State regulations that support third-party services such as home health and hospice are linked to assisted living residents dying in the community where they live.
That’s according to a new study published Friday in the Journal of the American Medical Association. Researchers studied data on more than 8,300 assisted living communities from state registries and state regulations and administrative claims. In total, they tracked more than 168,000 Medicare beneficiaries and assisted living residents who died between 2017 and 2019.
The study’s authors found that states with supportive hospice and home health regulations were associated with a higher odds of residents dying in the assisted living community where they lived as opposed to a hospital or skilled nursing facility.
“The findings support our hypothesis that assisted living residents in settings operating under licenses that are supportive of third-party services may, on average, be more likely to die in place,” the study’s author wrote.
For senior living operators, the study comes as yet more evidence that offering some third-party services can improve quality of care and keep residents living in their communities for longer.
Supportive hospice regulations were “most important” to dying in place, according to the study.

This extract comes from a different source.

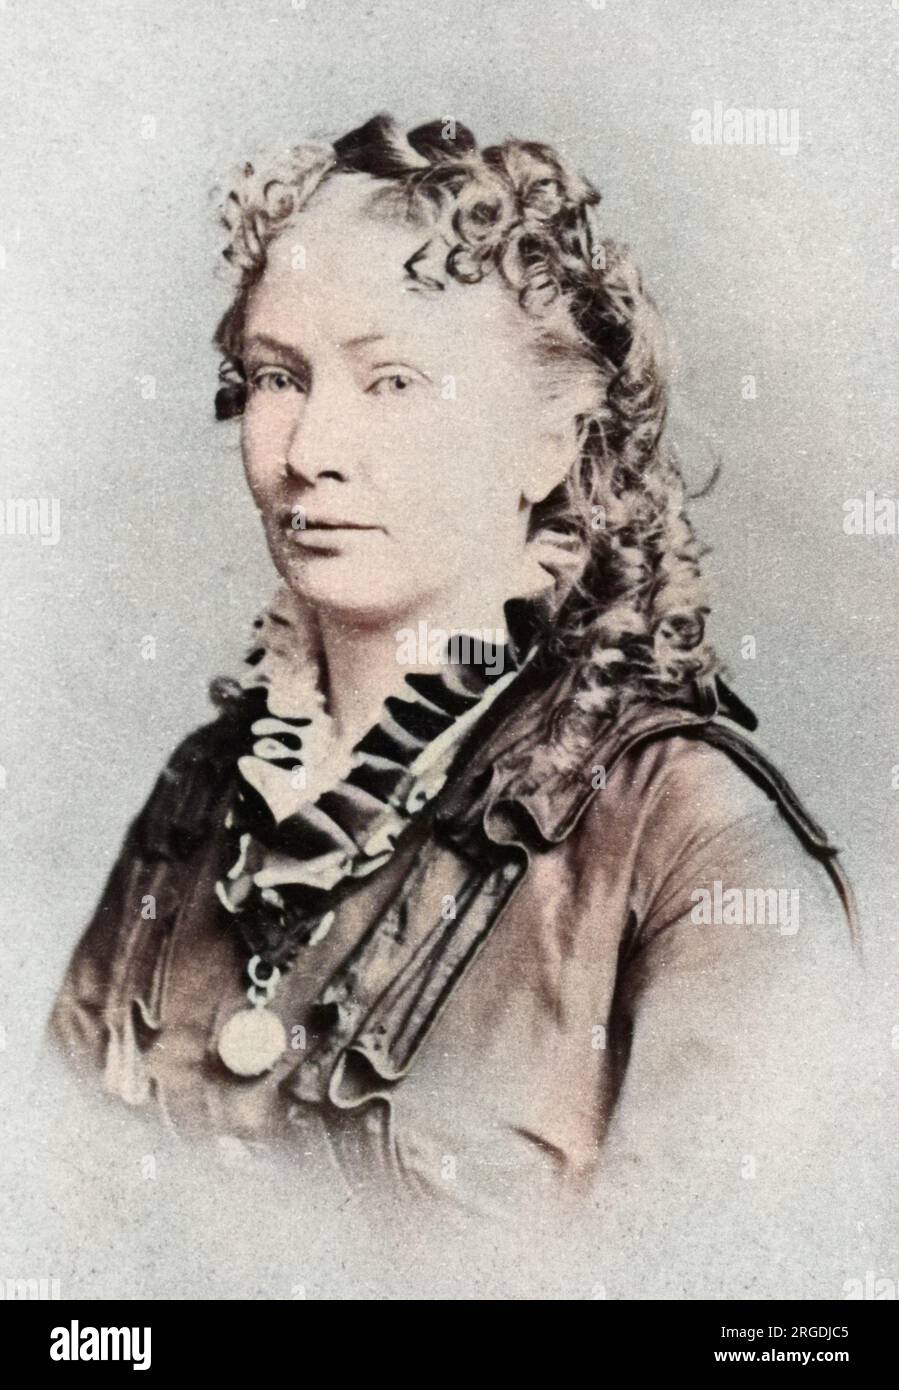 Cora Lodencia Veronica Scott (1840-1923), médium spiritualiste américain. Elle s'est mariée quatre fois et a adopté le nom de famille de son mari à chaque fois (Hatch, Daniels, Tappan et Richmond). Banque D'Images

The latest results are consistent with those from a recent Medicare Current Beneficiary Survey, which showed a higher proportion of residents died in place at community-based residential settings that allowed for clinical services between 2002 and 2018.
The study’s authors also noted a similar study from 2014 examining eight assisted living communities in Georgia that showed access to hospice services helped keep residents with deteriorating health conditions from needing to go to an acute care facility, a nursing home or an inpatient hospice facility.
Only 13 states supported all third-party services across all license types, according to the study. Many other state regulations were either supportive of only some third-party services or varied among license types or classifications.
A total of six states — Alaska, Hawaii, Minnesota, Mississippi, Montana and North Carolina — did not have third-party regulations for assisted living communities.
The number of residents dying in the assisted living community where they lived varied widely from state to state. For instance, while 18% of New York residents died in place between 2017 and 2019, almost three-quarters of assisted living residents in Utah died in place during that time.
Notable exceptions included Alaska and Montana, two states without regulations on third-party services that saw high rates of residents dying in the communities where they live.
The study’s author was careful to note that simply dying in an assisted living community is not a guarantee of high-quality end-of life care.
“There is also general agreement about the difficulty of predicting end-of-life disease trajectories among frail older adults, and especially the individuals with dementia, making the management of care transitions to and from assisted living particularly challenging near the end of life,” the study’s author wrote.
As such, further research is needed to show the determinants of quality of end-of-life care for assisted living residents, the study concluded.
“But supportive regulations for services that are important to meet the increasing care needs of individuals approaching death may be a good place to start among the many states where there is still regulatory uncertainty about these services,” the study’s author wrote.